-- Given data follows --

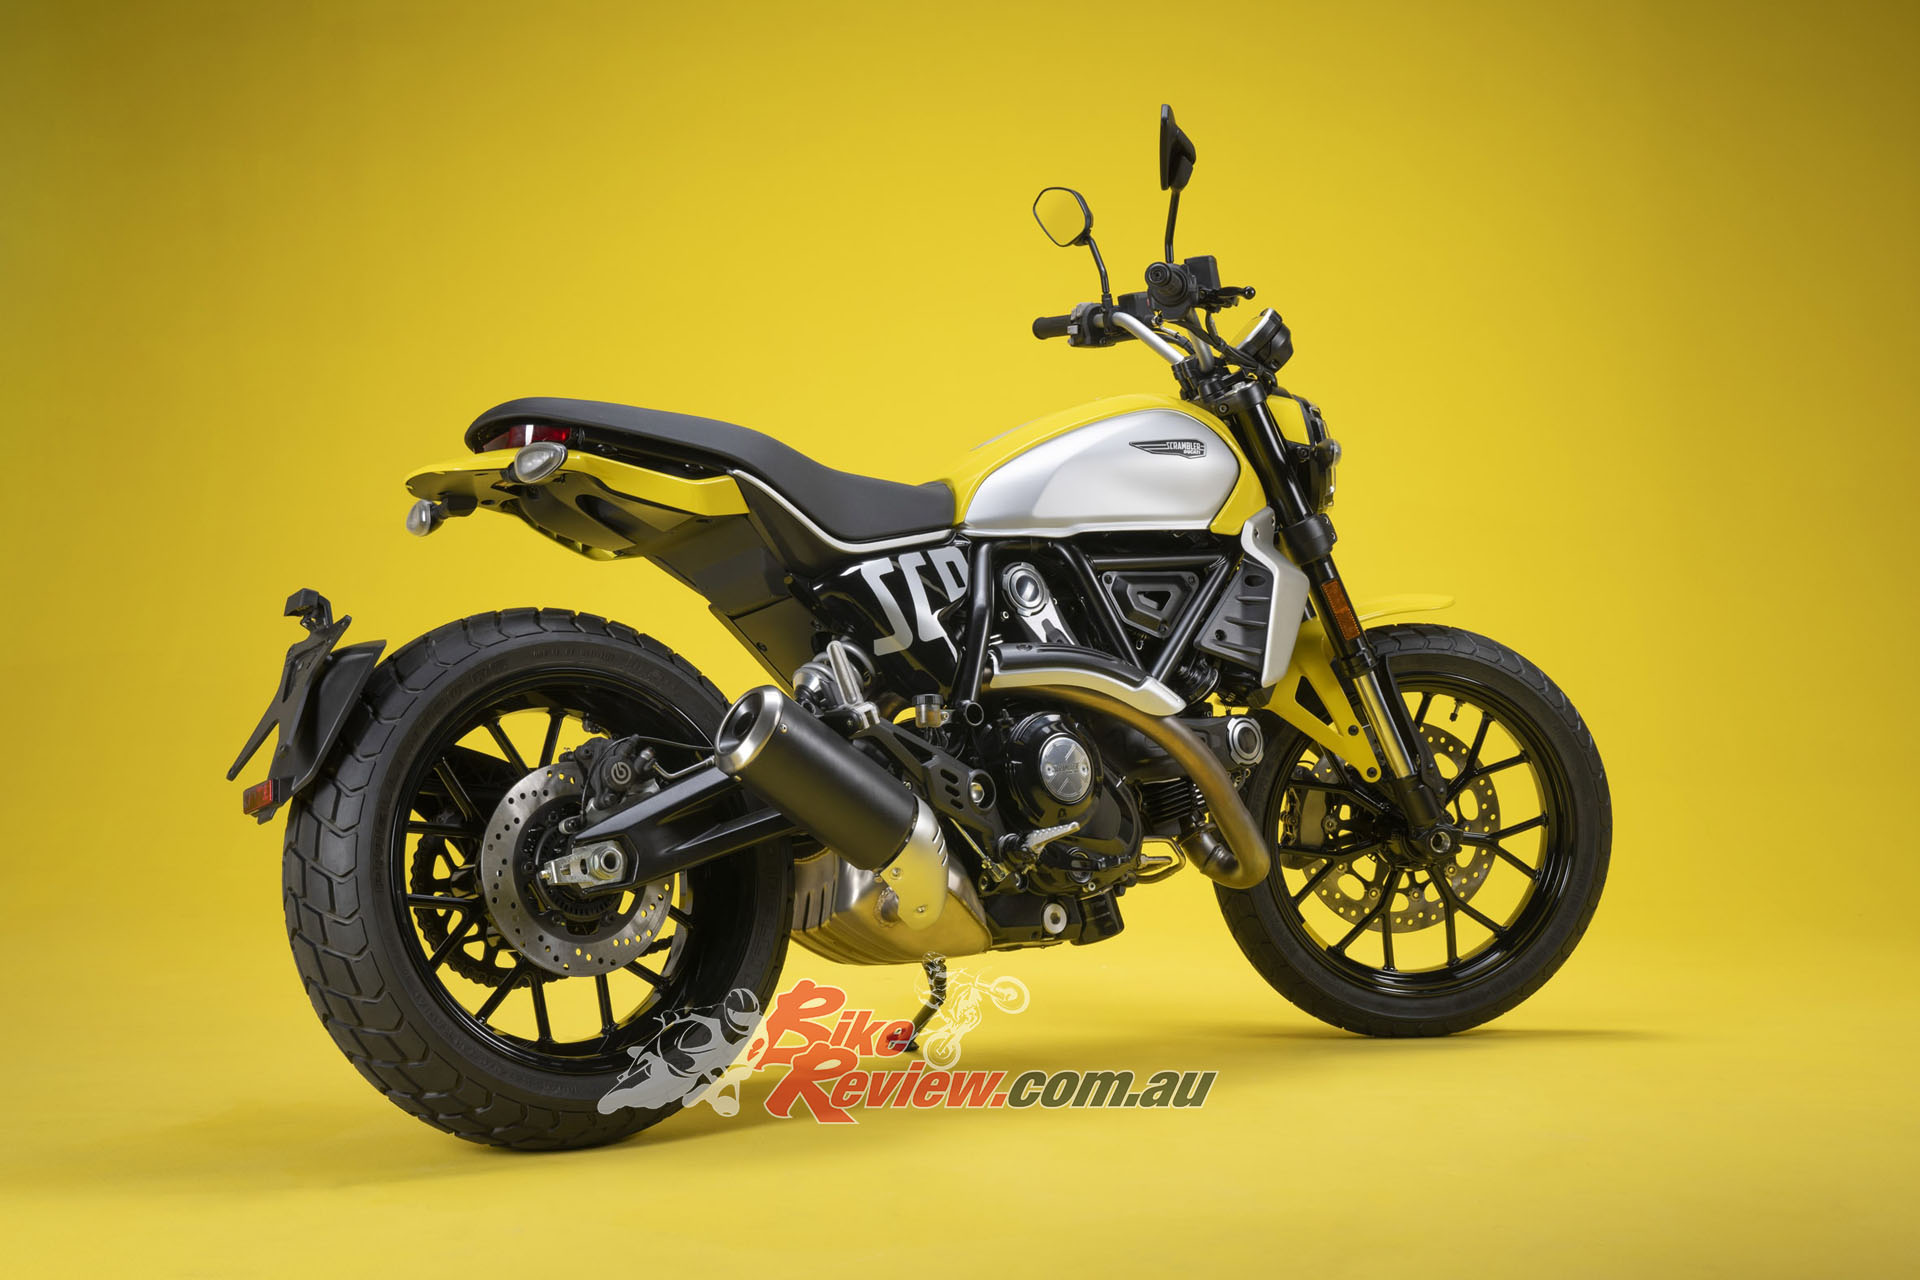 The Ducati Scrambler Icon features a revised handlebar that is lower and closer to the rider, allowing more control over the bike.
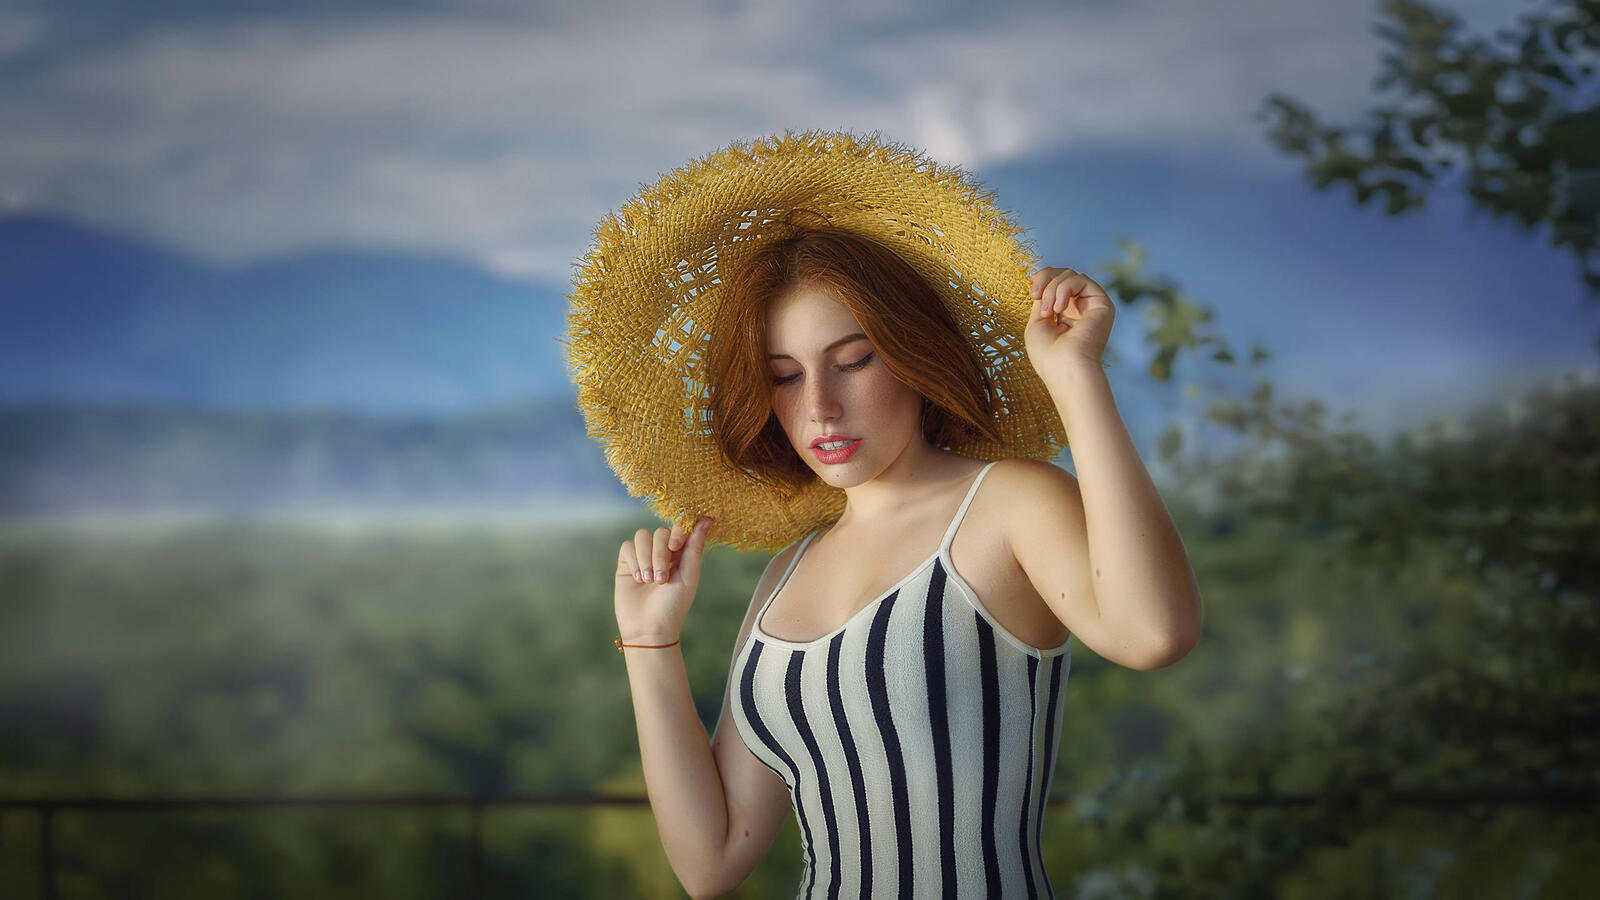 Free photo A redhead in a hat and a striped swimsuit
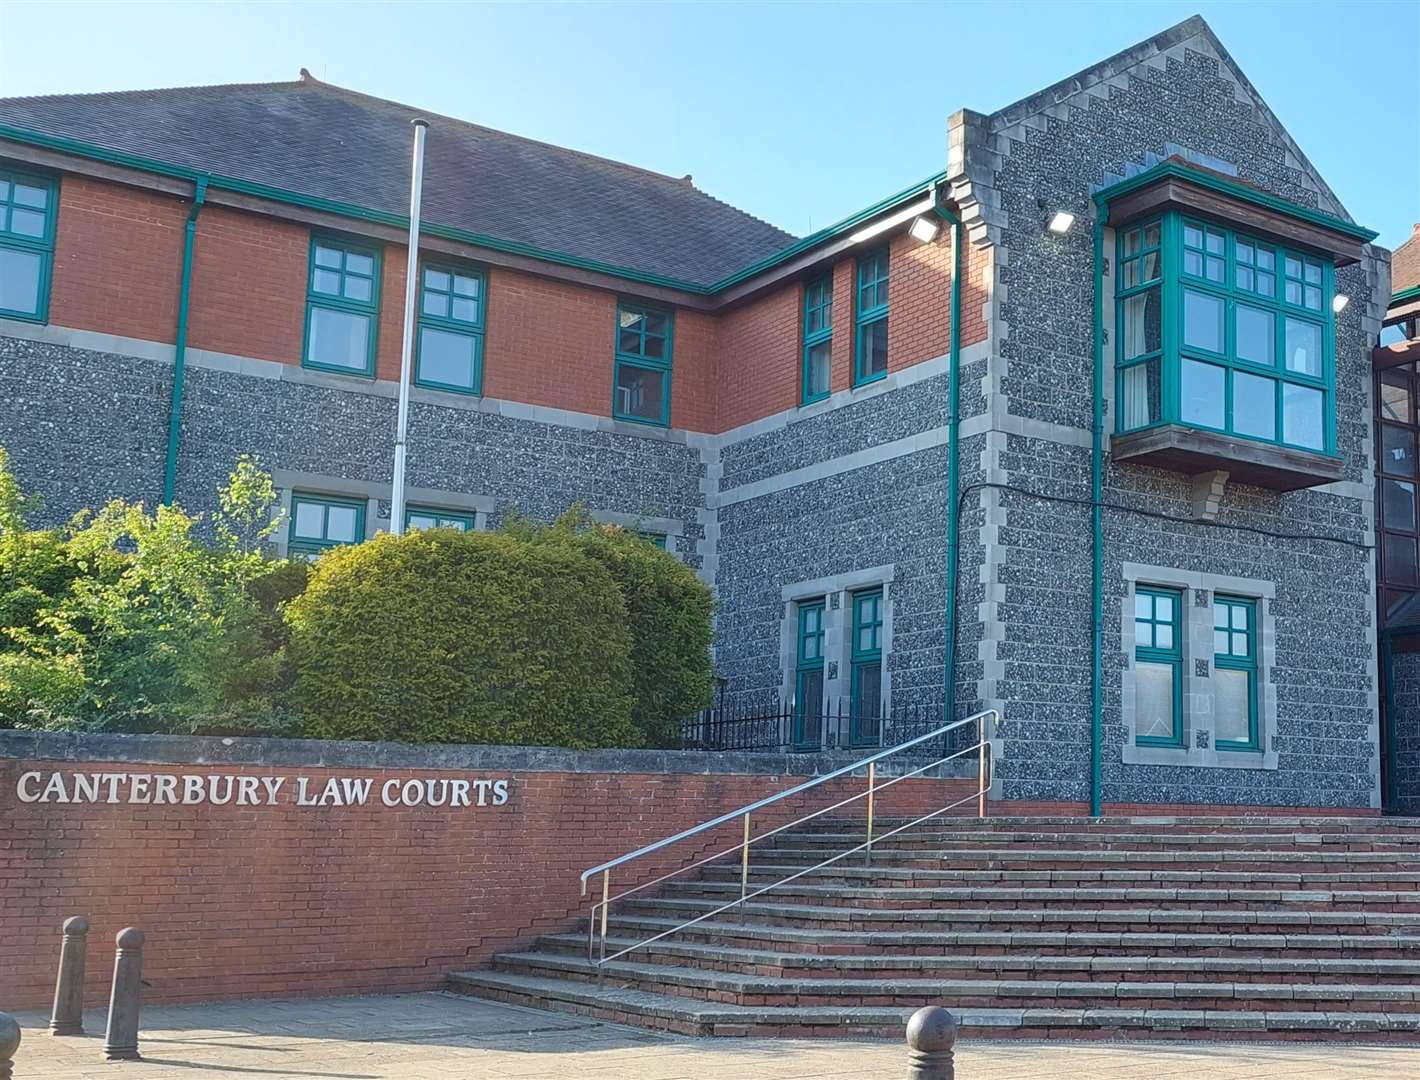 The sentencing took place at Canterbury Crown Court
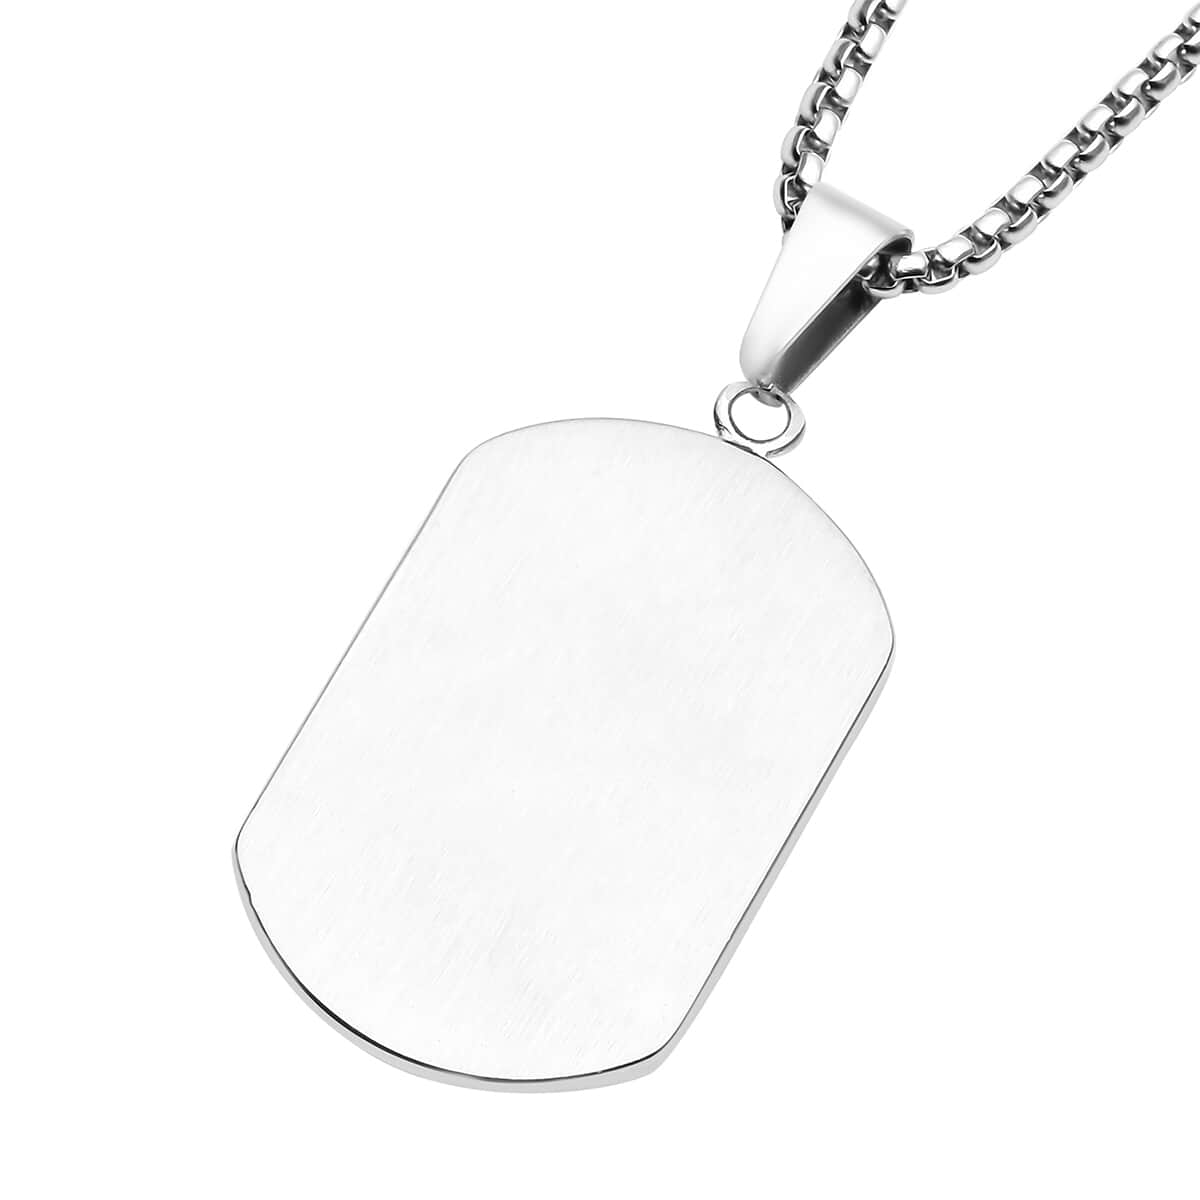 Taurus Dog Tag Jewelry Gift Box Pendant Necklace 23.5 Inches in ION Plated YG and Black Oxidized Stainless Steel image number 3

-- Given data concluded --

▶ **Task**: With pictures excluded, restate word for word the lines from the one that contains "The sentencing took" through the end of the material, inclusive, and nothing more.

▶ **Response area**:
 The sentencing took place at Canterbury Crown Court
 Taurus Dog Tag Jewelry Gift Box Pendant Necklace 23.5 Inches in ION Plated YG and Black Oxidized Stainless Steel image number 3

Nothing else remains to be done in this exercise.